Wolsey’s shape illustrated his passion for cuisine, but beneath the effulgent flesh and appearance of health lay a weakness of digestion that must be catered to absolutely. It was the master cook of the privy kitchen’s job to keep the internal workings of his master as finely tuned as a well-oiled clock, for as the Wolsey-clock functioned, so prospered the realm. Wolsey had been the secret power that planned England’s future since the death of the shrewd, stingy old king who had fathered Henry the Eighth. Under Wolsey’s capable management had come all the business neglected by an amusement-loving young king. Whenever there were statutes to consider, treaties to ponder, papers to be inspected before signing, in short, whenever dull work enclosed in a cabinet threatened, the king was only too happy to have Wolsey stand beside his stirrup and say, “Don’t let this matter spoil your day’s hunting, Your Majesty. Take your princely pleasure where you will, while I, your humble servant, shoulder the dull duties of the council and dispatch your business entirely according to your will.”

So well had Wolsey done that prince’s will in the dull matters of business that dull money, dull manors, and dull bishoprics had fallen like ripe fruit into the King’s Almoner’s busy, if plump, hands. At this time two great projects occupied entire compartments in his multicompartmented and ever-calculating mind, beyond the project of tomorrow’s dinner, which occupied a section that might be called “miscellaneous, recurring.” The first project was the search for a manor located near the capital city, but free from its pestilential airs. Wolsey feared illness as only a man with complex and far-reaching plans can. And so he employed tasters, hired physicians, and procured water from faraway sources. The thought that so humble a thing as poisoned air might lay low his grandest schemes offended him; he preferred enemies of rank. He had secured the lease of a place on the river called Hampton Court where his physicians had assured him the air was salubrious; now a part of him was given over to planning a residence worthy of his splendor.

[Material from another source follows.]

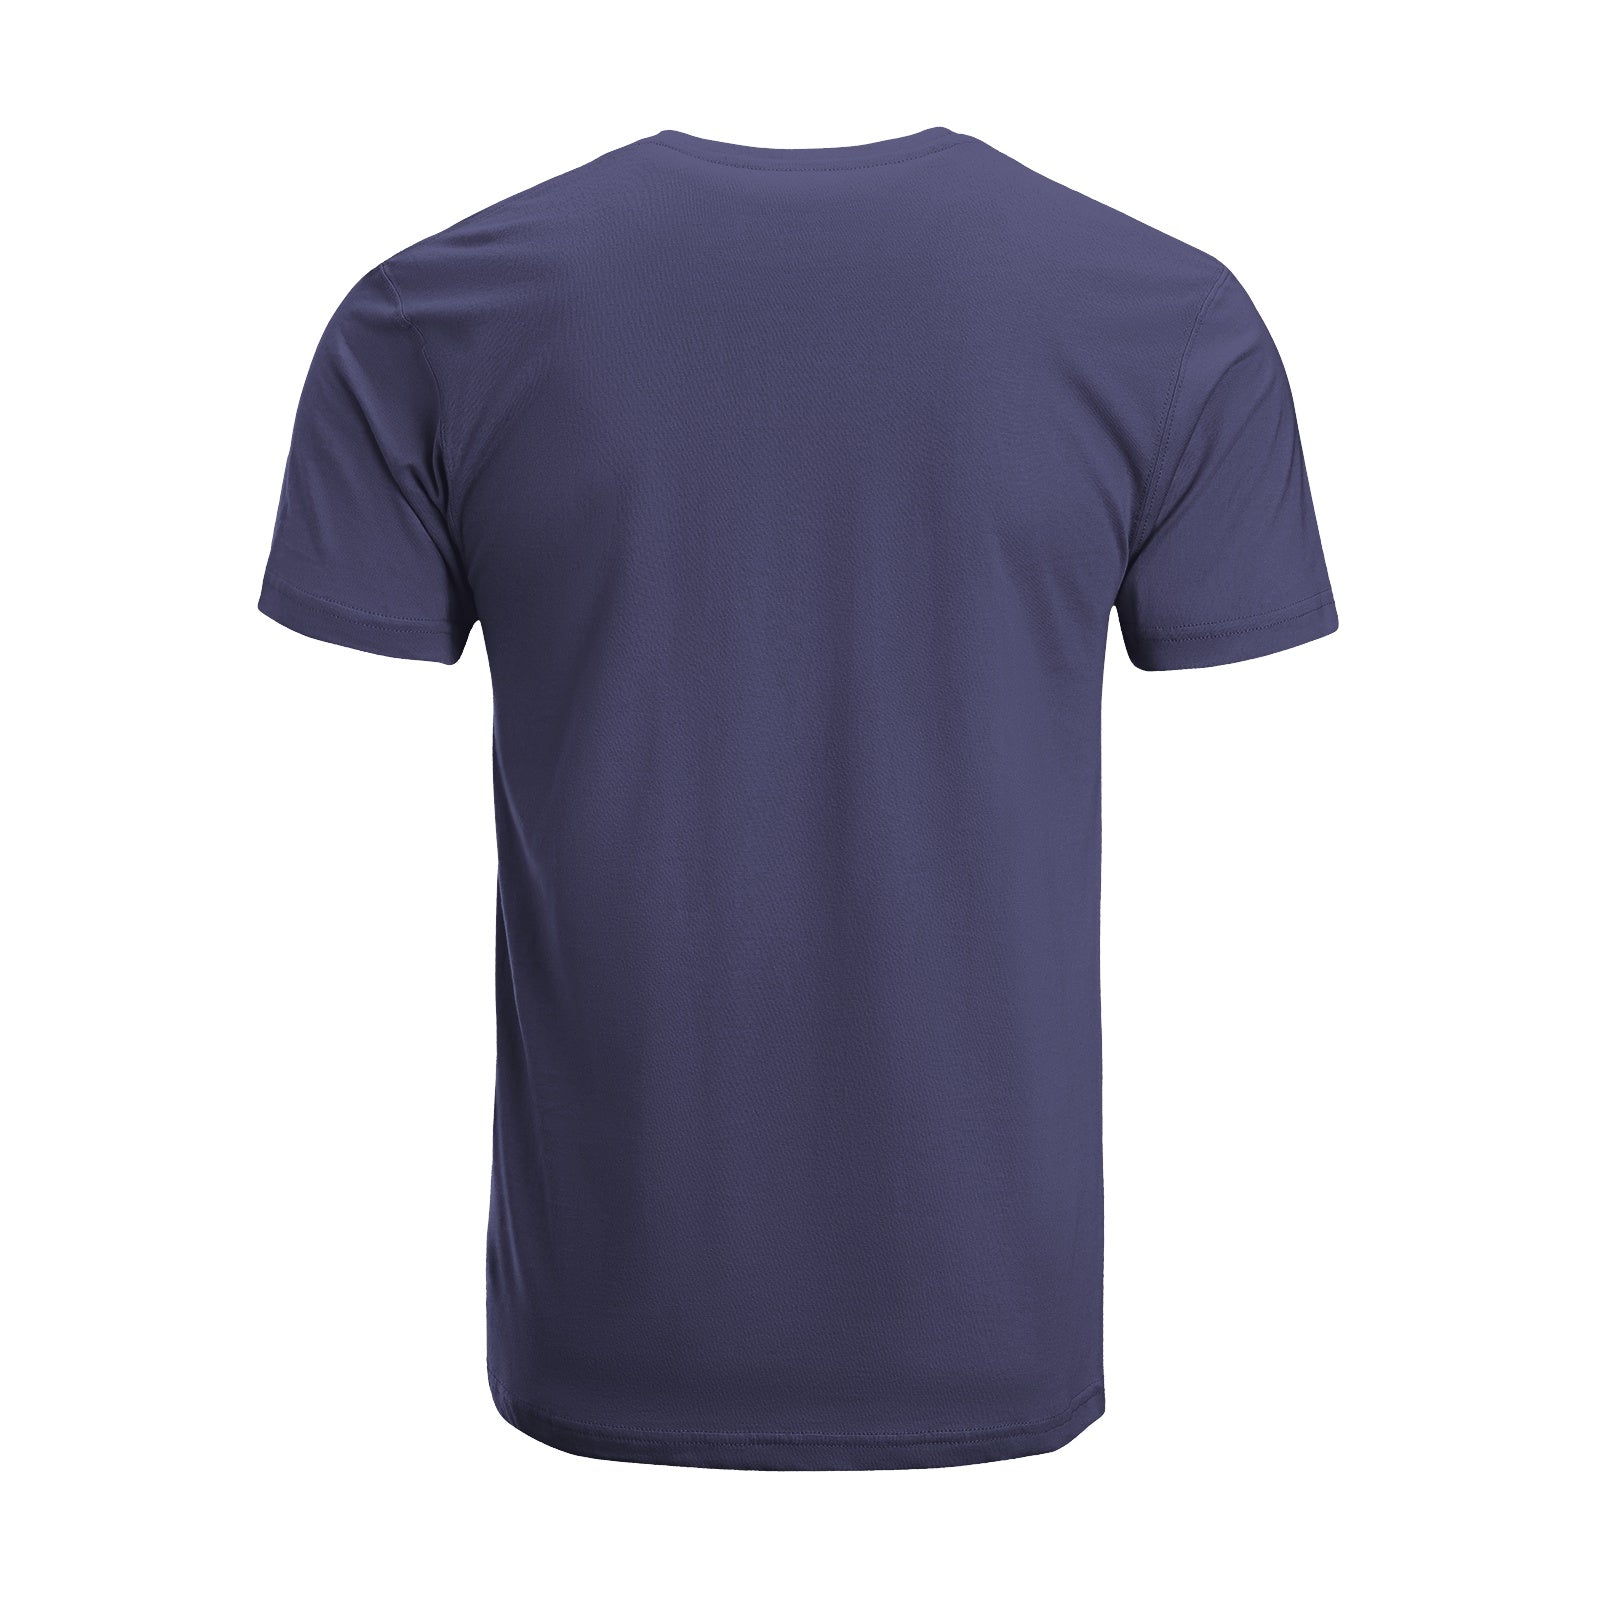 Unisex Short Sleeve Crew Neck Cotton Jersey T-Shirt Gym No. 39 - Tara-Outfits.com

The second project, rather less personal but no less dear to him, involved the complete realignment of the powers of Europe, in England’s favor, of course. The centerpiece to this plan was the engineering of an alliance with England’s greatest enemy, France, which would offset the power of Spain and the Holy Roman Emperor. But the key to the plan was a woman, or, rather, a flirtatious, lighthearted, spoiled girl of seventeen, Mary Tudor, the king’s younger sister. Just as Wolsey had been worrying about how to approach his project, and almost as if God had willed it, the King of France’s wife had died. Through secret negotiations (how convenient de Longueville had been!) Wolsey had offered the King of France Henry’s newly widowed sister, Margaret, the Queen of Scotland. But the old king had rejected her. The Queen of Scotland, the king had heard, was old and stout, having already reached her twenty-fifth birthday.